Example 31: 4- (4-((R) -2- (4- (2H-1,2,3-triazol-2-yl) phenyl) -3- (cyclobutylamino) -2-hydroxypropanoyl ) Piperazin-1-yl) -5-methyl-5H-pyrrolo [2,3-d] pyrimidin-6 (7H) -one (31)
According to Example 4, compound (30b) was used instead of compound (1), and cyclobutanone was used instead of acetone to obtain compound (31) as a white amorphous solid.

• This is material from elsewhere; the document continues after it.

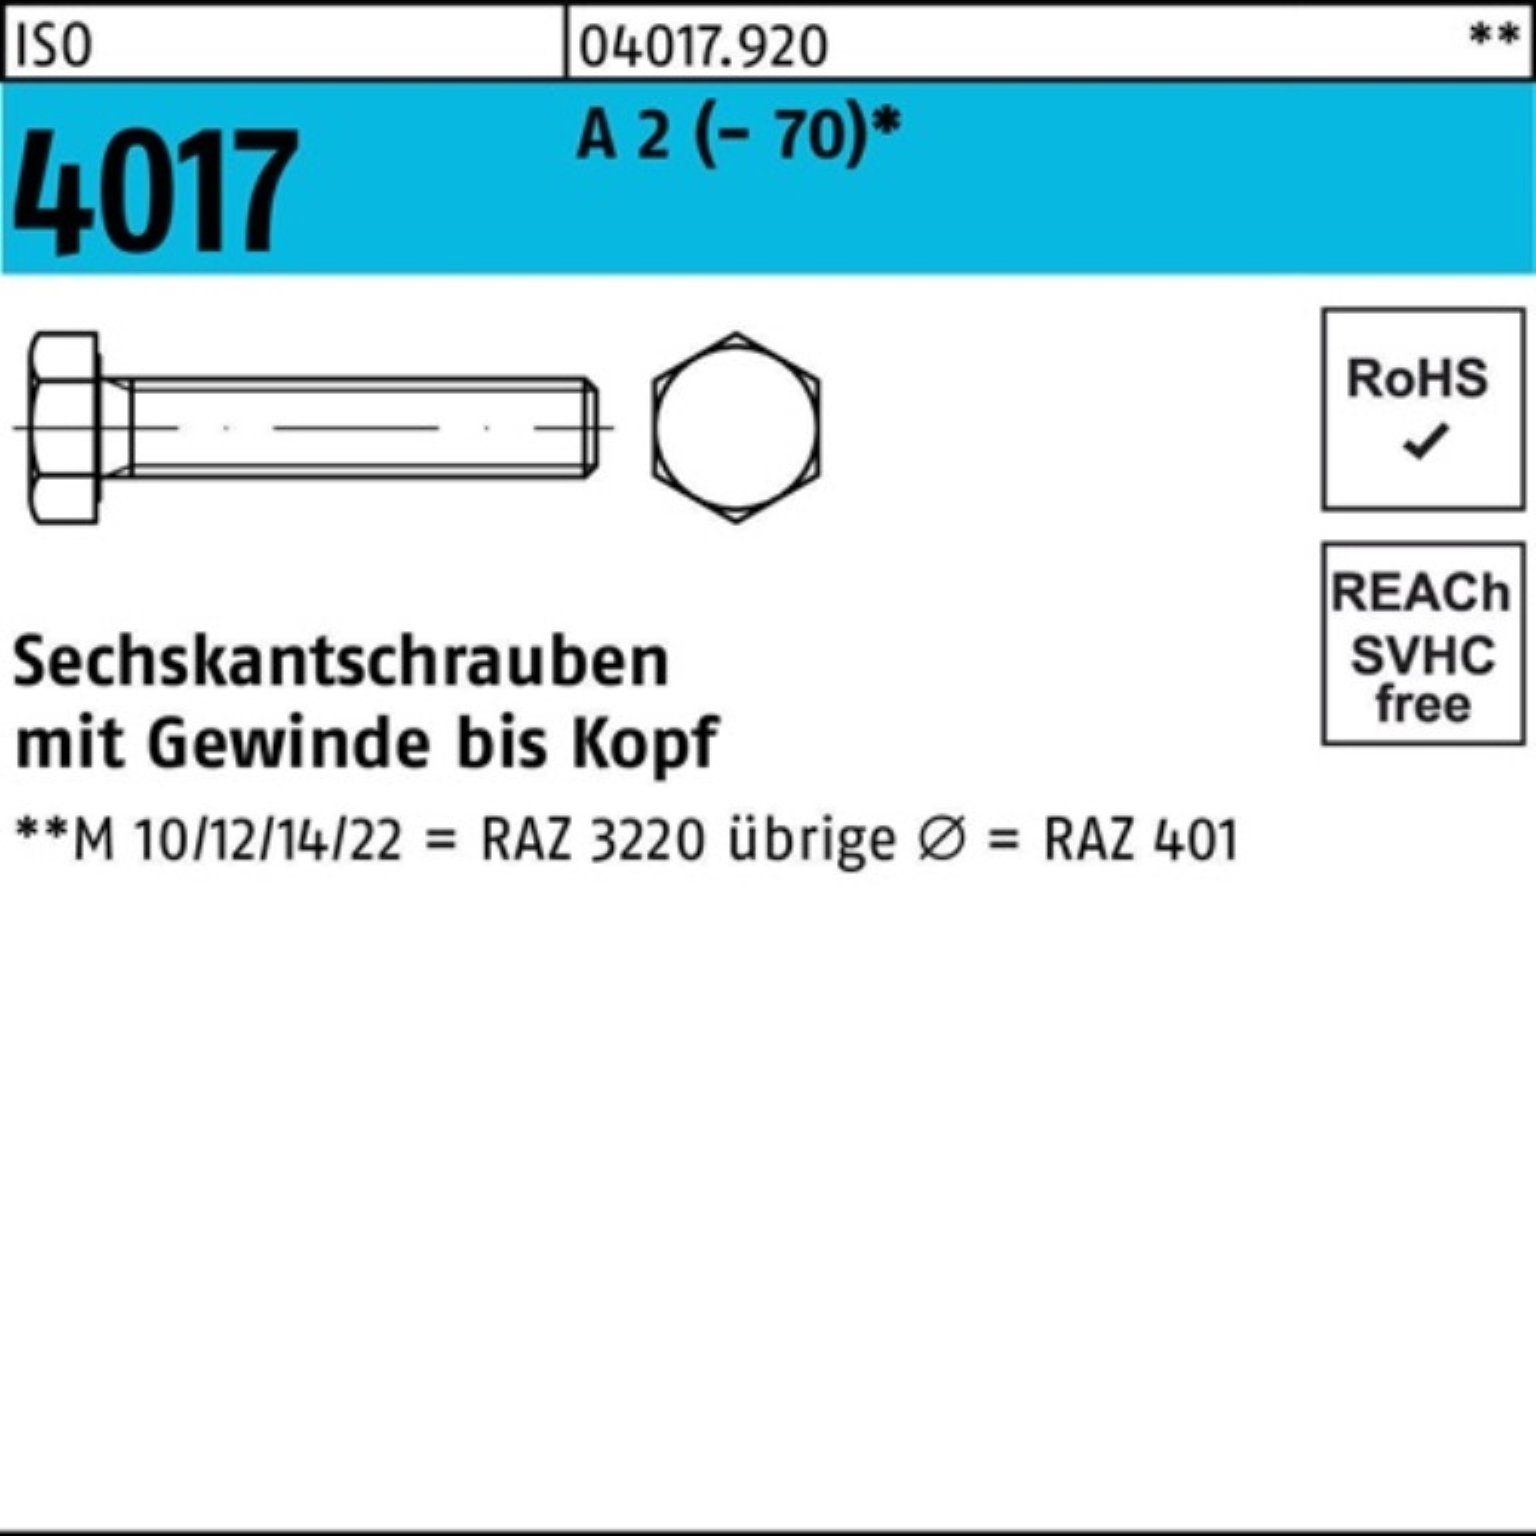 Bufab Sechskantschraube 100er Pack Sechskantschraube ISO 4017 VG M12x 40 A 2 (70) 100 Stück

Example 32: 4- (4-((R) -2- (4- (2H-1,2,3-triazol-2-yl) phenyl) -3- (dicyclobutylamino) -2-hydroxyprop Noyl) piperazin-1-yl) -5-methyl-5H-pyrrolo [2,3-d] pyrimidin-6 (7H) -one (32)
According to Example 4, compound (30b) was used instead of compound (1), and cyclobutanone was used instead of acetone to obtain compound (32) as a white amorphous solid.

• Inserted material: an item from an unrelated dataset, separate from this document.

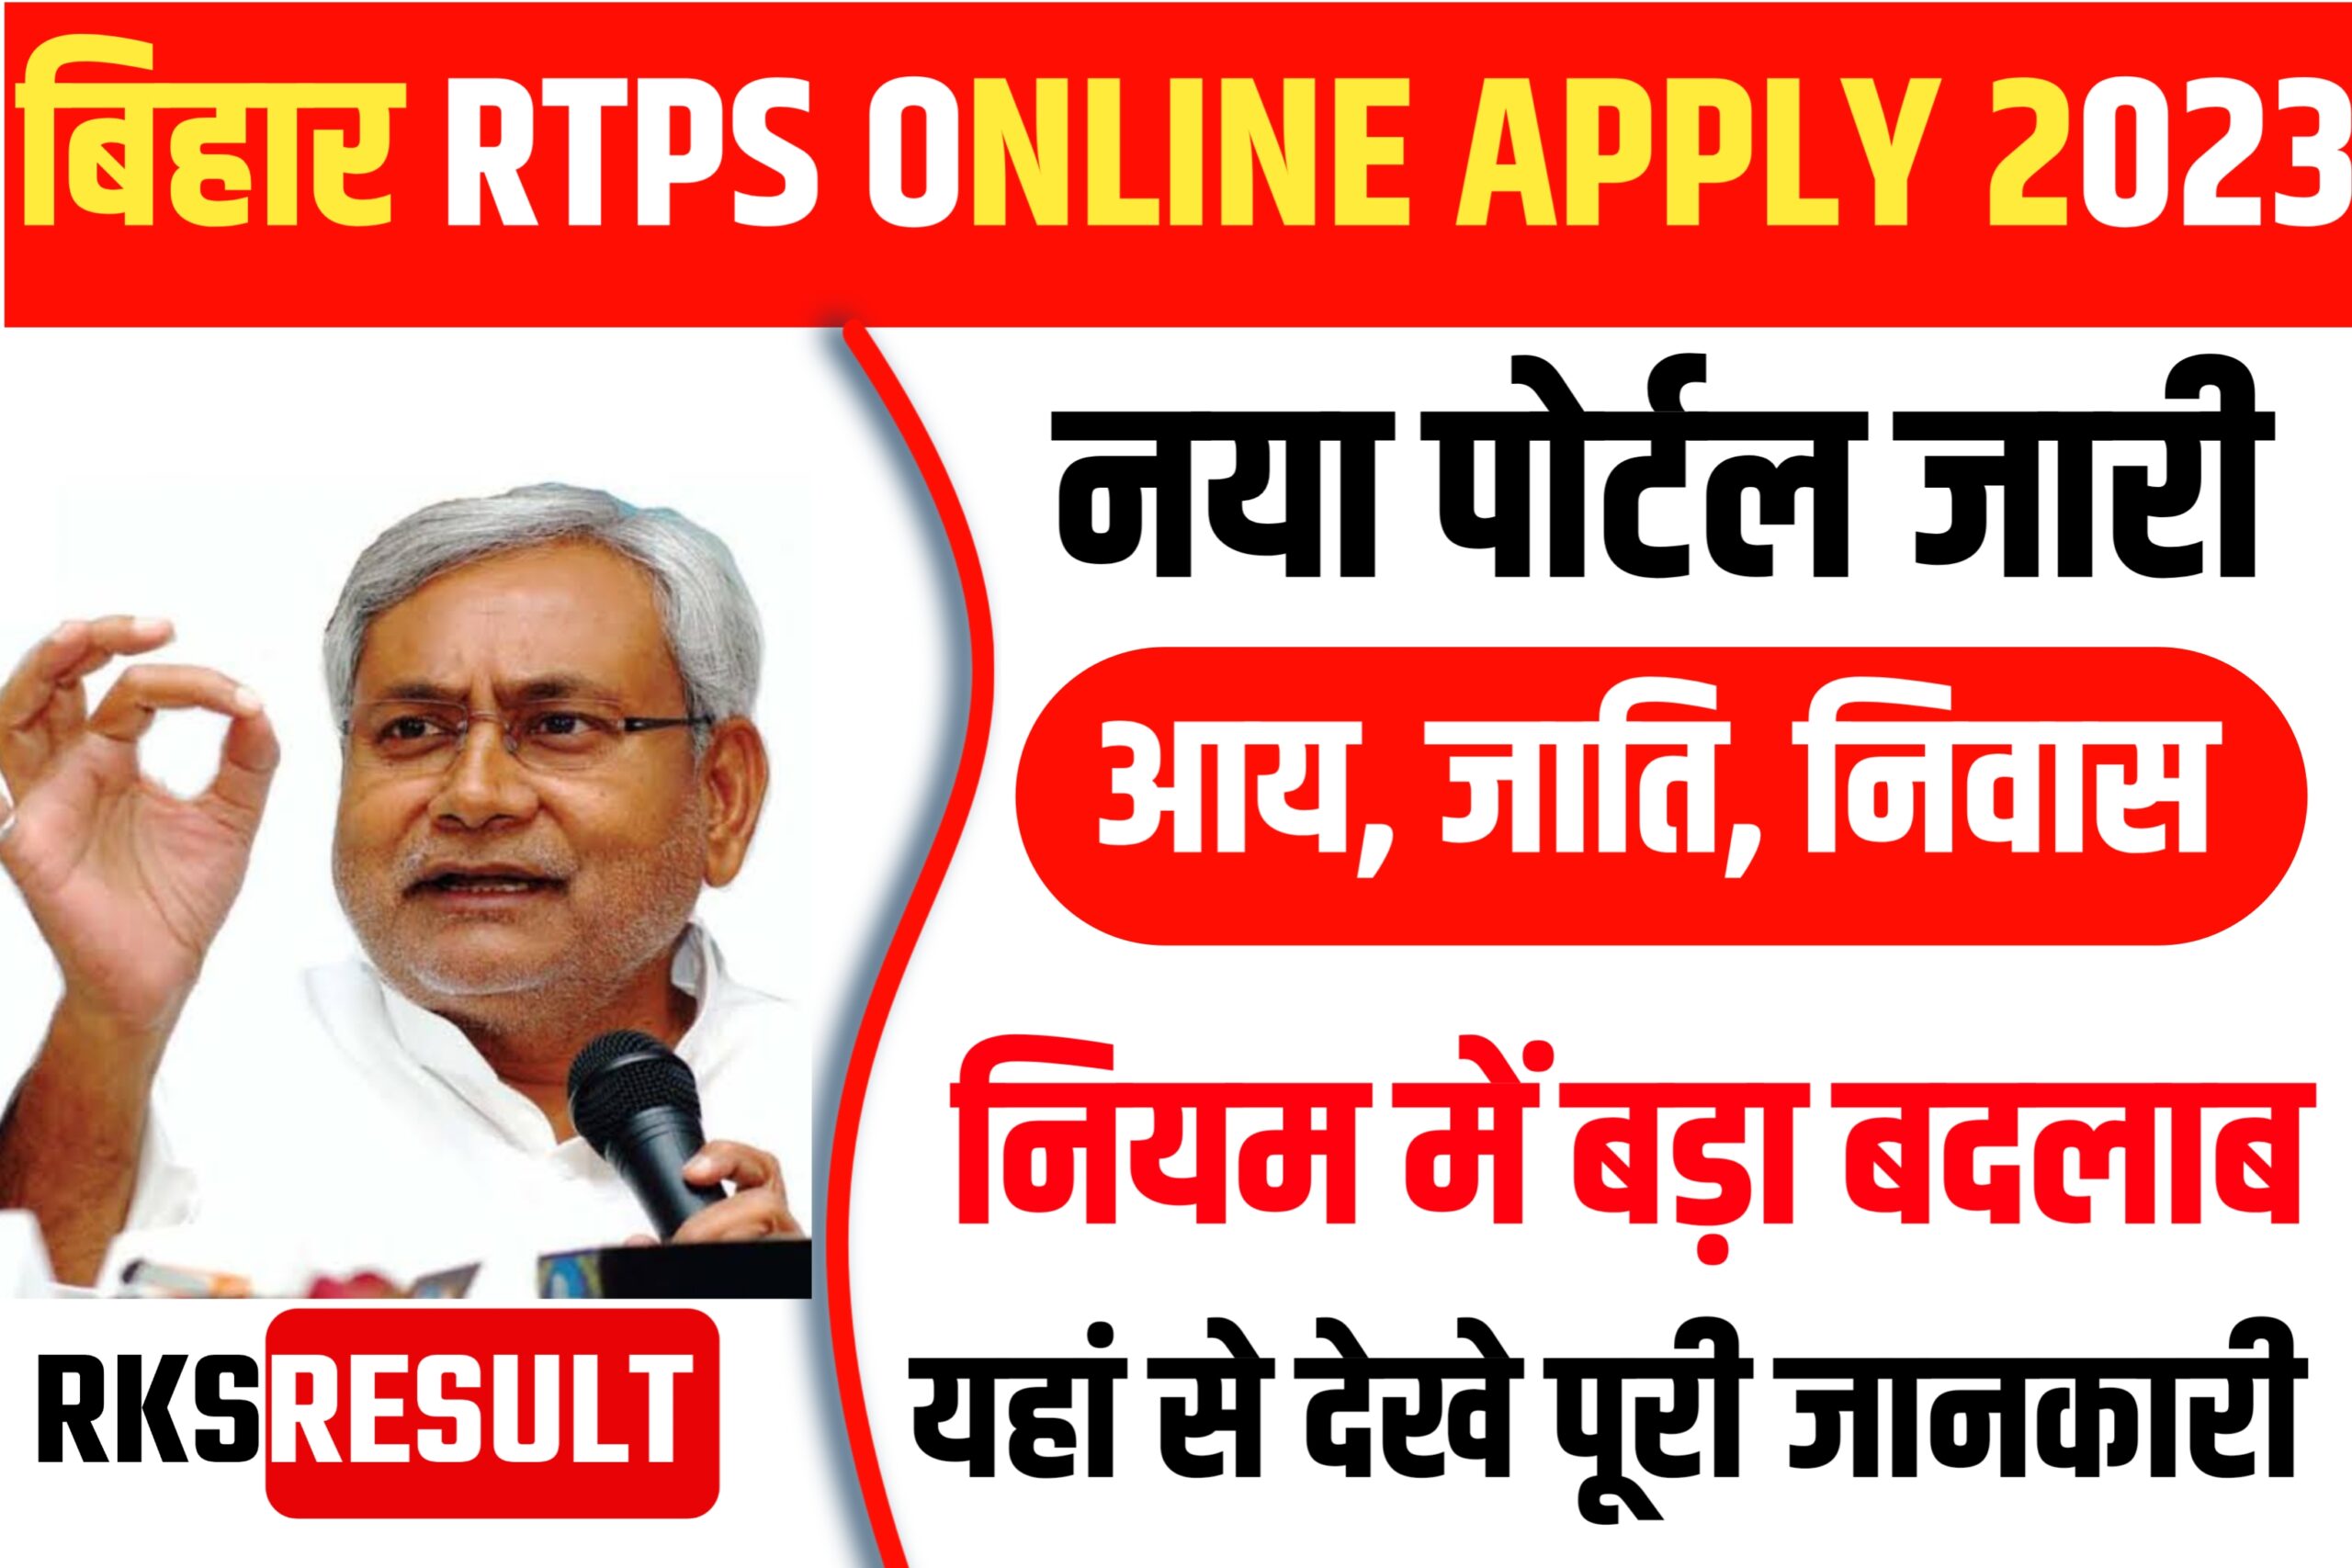 Bihar RTPS APPLY ONLINE 2023

Example 33: 4- (4-((R) -2- (4- (2H-1,2,3-triazol-2-yl) phenyl) -2-hydroxy-3-((tetrahydro-2H-pyran) -4-yl) amino) propanoyl) piperazin-1-yl) -5-methyl-5H-pyrrolo [2,3-d] pyrimidin-6 (7H) -one (33)
According to Example 4, compound (30b) was used instead of compound (1), and dihydro-2H-pyran-4 (3H) -one was used instead of acetone to obtain compound (33).

Example 34: 4- (4-((R) -2- (4- (2H-1,2,3-triazol-2-yl) phenyl) -2-hydroxy-3-((4-methoxycyclohexyl) Amino) propanoyl) piperazin-1-yl) -5-methyl-5H-pyrrolo [2,3-d] pyrimidin-6 (7H) -one (34)
According to Example 4, the compound (30b) was used instead of the compound (1), and 4-methoxycyclohexanone was used instead of acetone to obtain the compound (34).

Example 35: 4- (4-((R) -2-hydroxy-3- (isopropylamino) -2- (4- (thiazol-2-yl) phenyl) propanoyl) piperazin-1-yl) -5- Methyl-5H-pyrrolo [2,3-d] pyrimidin-6 (7H) -one (35)
(Step 1) Compound (1f) 1.4 g, bis (neopentylglycolate) diboron 1.2 g, potassium acetate 0.6 g, 2- (dicyclohexylphosphino) -2 ′, 4 ′, 6′-triisopropyl- A mixture of 0.4 g of 1,1′-biphenyl, 0.19 g of tris (dibenzylideneacetone) dipalladium (0) and 40 ml of 1,4-dioxane was stirred at 90 ° C. for 24 hours under a nitrogen atmosphere. The reaction mixture was cooled to room temperature, filtered and concentrated. The obtained residue was purified by silica gel column chromatography (hexane-ethyl acetate), and (R) -ethyl 3-((tert-butoxycarbonyl) amino) -2- (4- (5,5-dimethyl-1) was obtained. , 3-Dioxane-2-yl) phenyl) -2-hydroxypropanoic acid (35a) was obtained.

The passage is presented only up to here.